Cervical Cancer screening, diagnosis and treatment

In 2020, about 1422 Canadian women were diagnosed with cervical cancer and an estimated 637 died from it. It is the third most gynecologic cancer in Canada after corpus uteri and ovary cancer. Screening tests help find cervical cancer before any symptoms develop. When cervical cancer is found and treated early, the chances of successful treatment are better.

Screening:

The Pap smear screening technique or conventional cytology screening is also known as exfoliative cervicovaginal cytology. It has been used from as far as 1927 when Papanicolaou was introduced and has for many years been in use. The most effective method of screening employed in the developed world has been cytology-based using Pap smears, which has contributed considerably to reducing the incidence of and mortality from, cervical cancer. 

Sexually active women by the age of 21 should start having regular Pap tests. Pap test is done every 1 to 3 years. Women at high risk for cervical cancer may need to be tested more often and at an earlier age than women with average risk. 

A Pap test is a quick and simple test and it checks for any changes in cells of the cervix. Regular Pap tests may help to prevent cervical cancer by finding cervical cell changes in your body that would become cancer if left untreated. A Pap test helps find cervical cancer early before you have symptoms. A Pap test helps find cervical cancer before it spreads when it is easier to treat. Early detection may mean less treatment and less time spent recovering. The earlier cervical cancer is detected, the better your chance of survival.

Diagnosing:

Diagnosing cervical cancer begins when a Pap test becomes abnormal. HPV DNA Screening, which is although expensive, can be cost-effective in the long run, as it has higher sensitivity than cytological screening, can detect CIN lesions at an earlier stage than cytology, and hence can be implemented with longer intervals between screenings while at the same time reducing cervical cancer incidence, and averting more deaths from the disease.
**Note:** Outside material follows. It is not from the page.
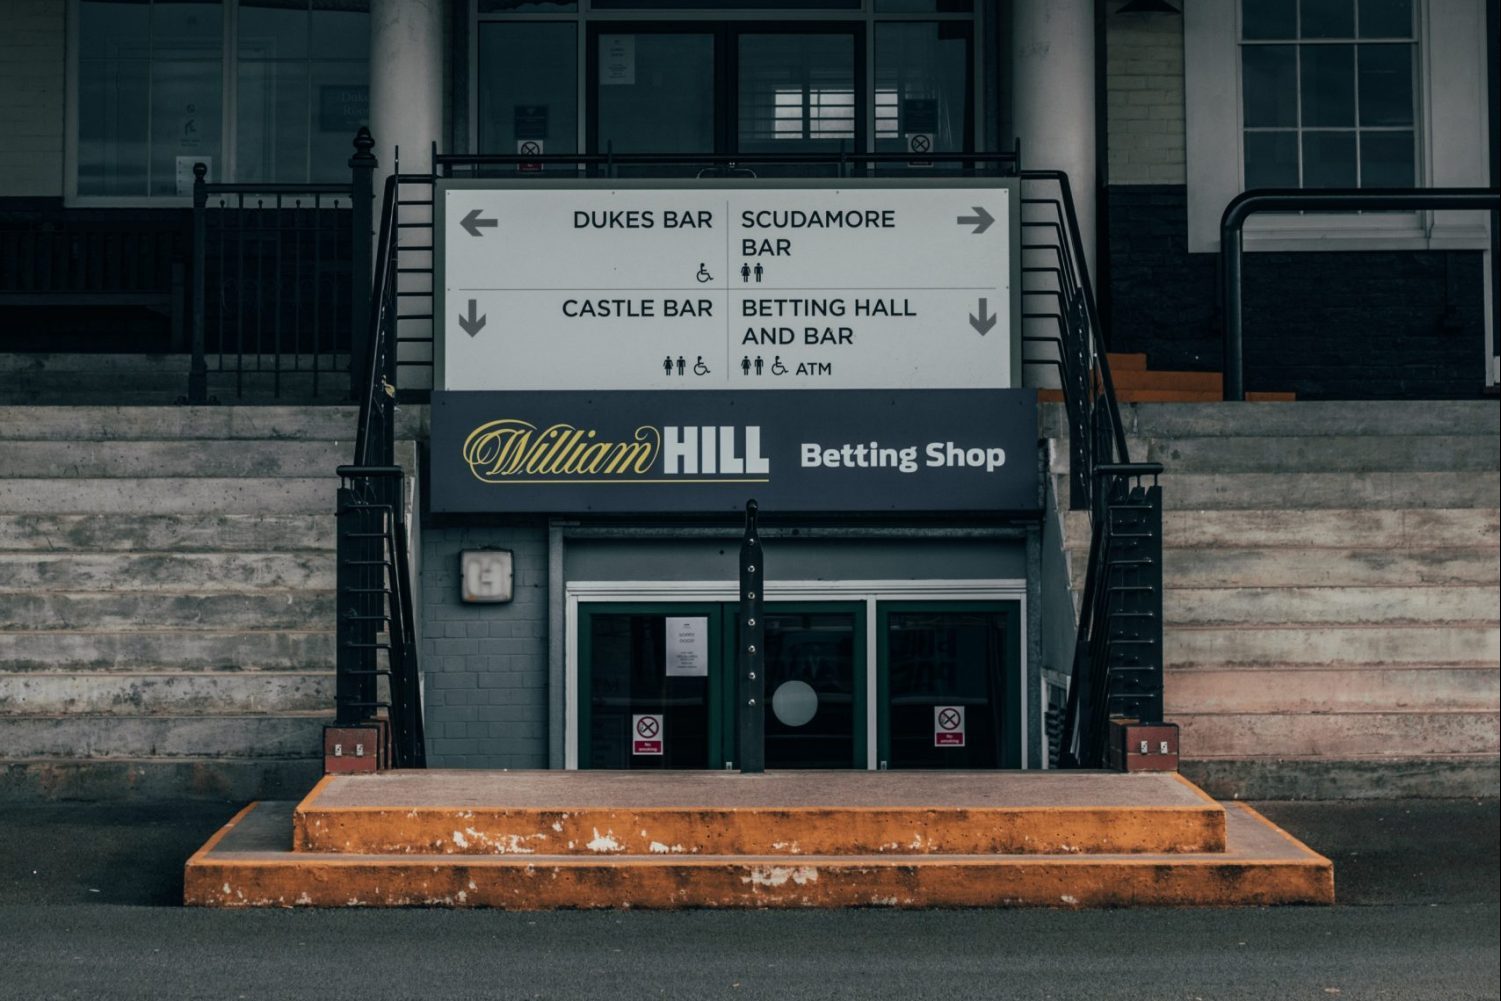 William Hill betting shop in an article about bookmakers

A colposcopy is used to examine the vulvavagina, and cervix. A colposcopy is done after an abnormal Pap test or a positive HPV test suggests a precancerous condition of the cervix or cervical cancer. A colposcopy may also be done if you have symptoms of cervical cancer.

If a Pap test returns abnormal results, a biopsy from the cervix is taken. Further CT scan, MRI, and PET scan can also be done to check the cervix and area around the cervix. A PET scan is used to find cervical cancer that has come back or has spread to other organs or tissues.

Treatment:

Treatment of cervical dysplasia includes the loop electrosurgical procedure, cryotherapy (freezing of cervix), laser therapy (laser vaporization of the cervical epithelium), or conization (surgical removal of a cone-shaped specimen of the cervix with a surgical knife). Rarely hysterectomy is indicated for the management of cervical dysplasia.

Treatment of invasive cervical cancer can include surgery, radiation therapy, chemoradiation therapy, or chemotherapy, depending on clinical staging, and is based on the probability of locoregional control and systemic control.